→ **RAW DATA**
--

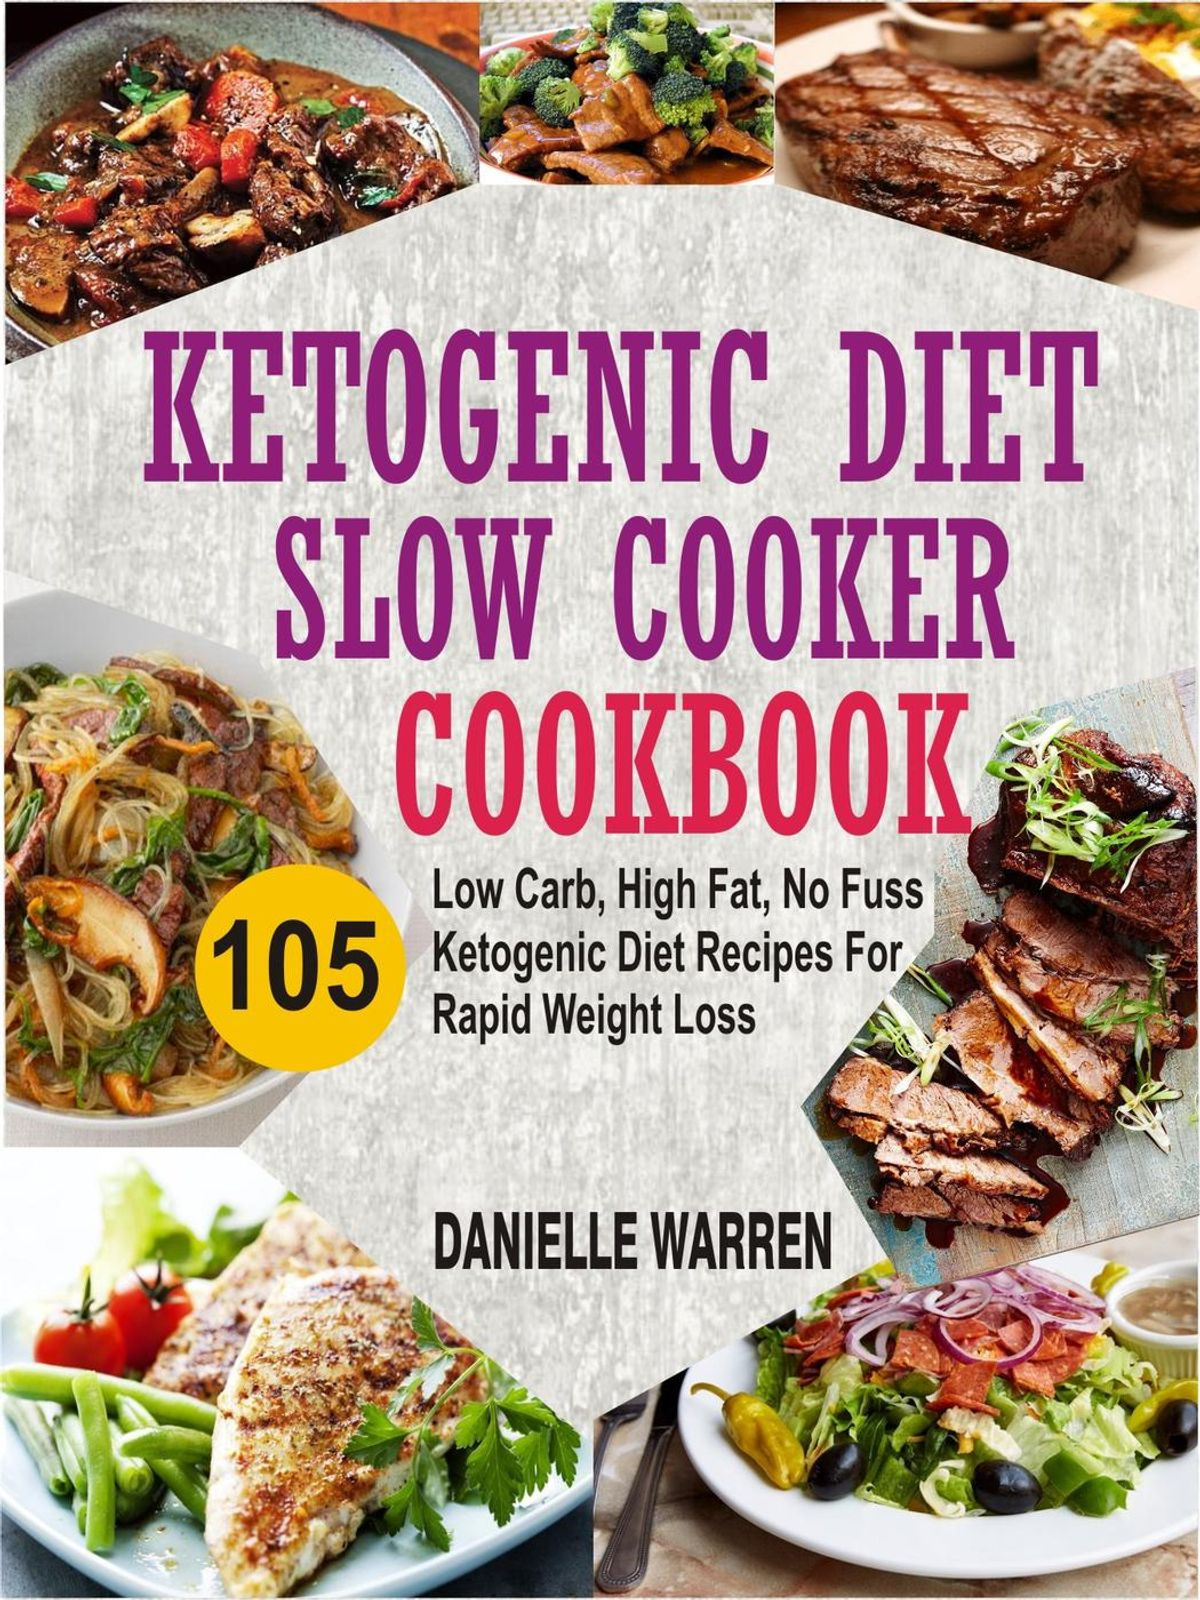 Keto Diet Recipes Slow Cooker
 Ketogenic Diet Slow Cooker Cookbook 105 Low Carb High
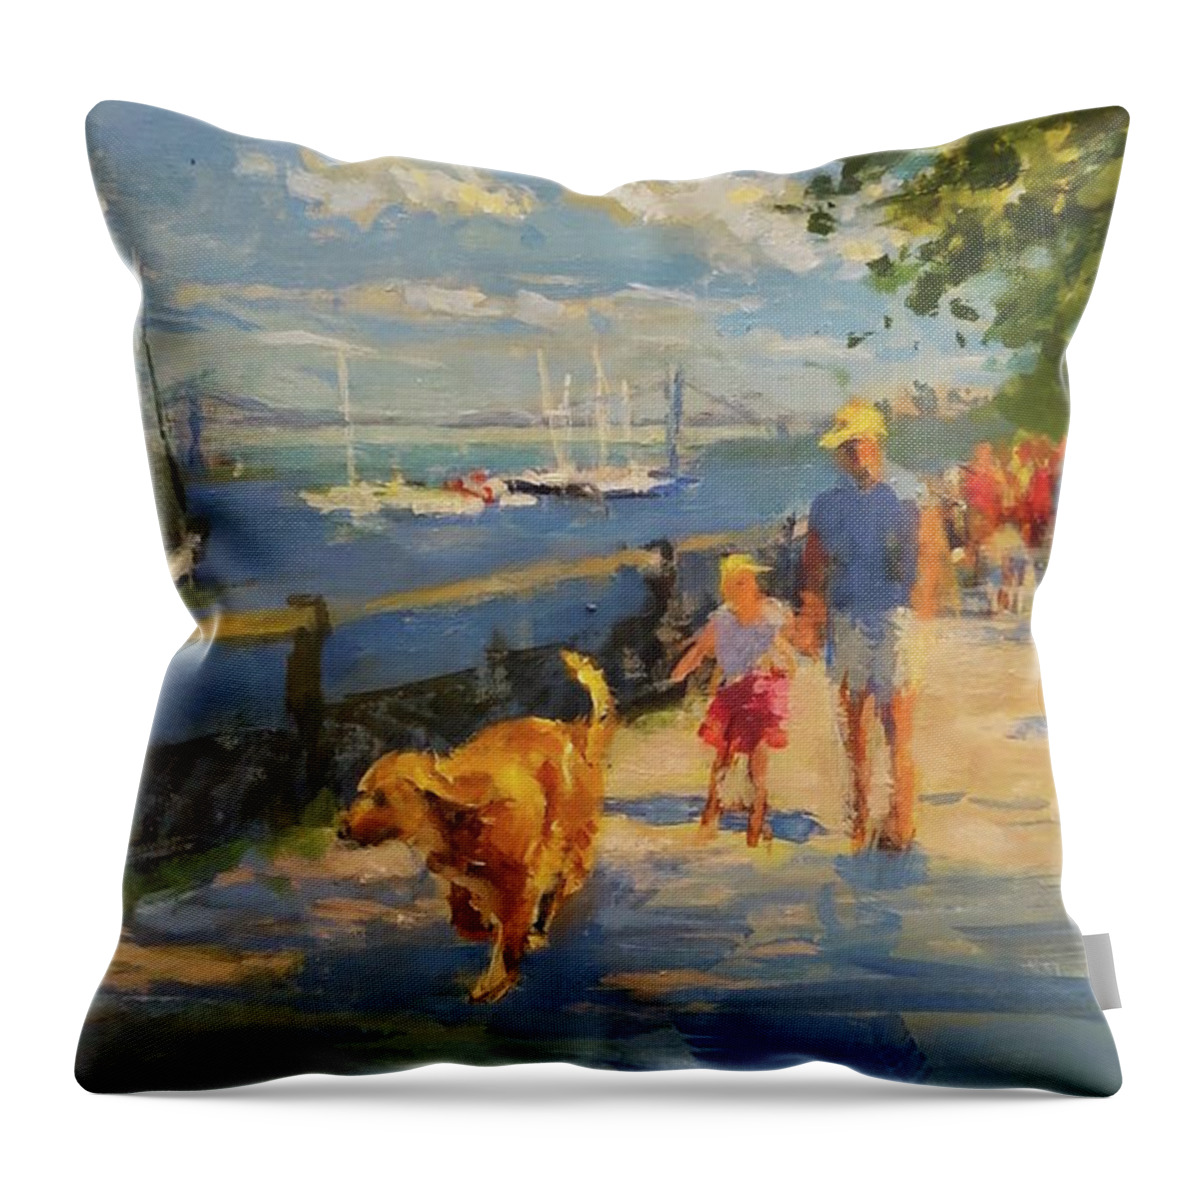 New York Throw Pillow featuring the painting By the River, Sunday Morning by Peter Salwen

--

→ **WHAT THE EXERCISE ASKS**
Retype the whole listing, keeping every line identical and omitting all pictures.

→ **YOUR SOLUTION**
 Keto Diet Recipes Slow Cooker
 Ketogenic Diet Slow Cooker Cookbook 105 Low Carb High
 New York Throw Pillow featuring the painting By the River, Sunday Morning by Peter Salwen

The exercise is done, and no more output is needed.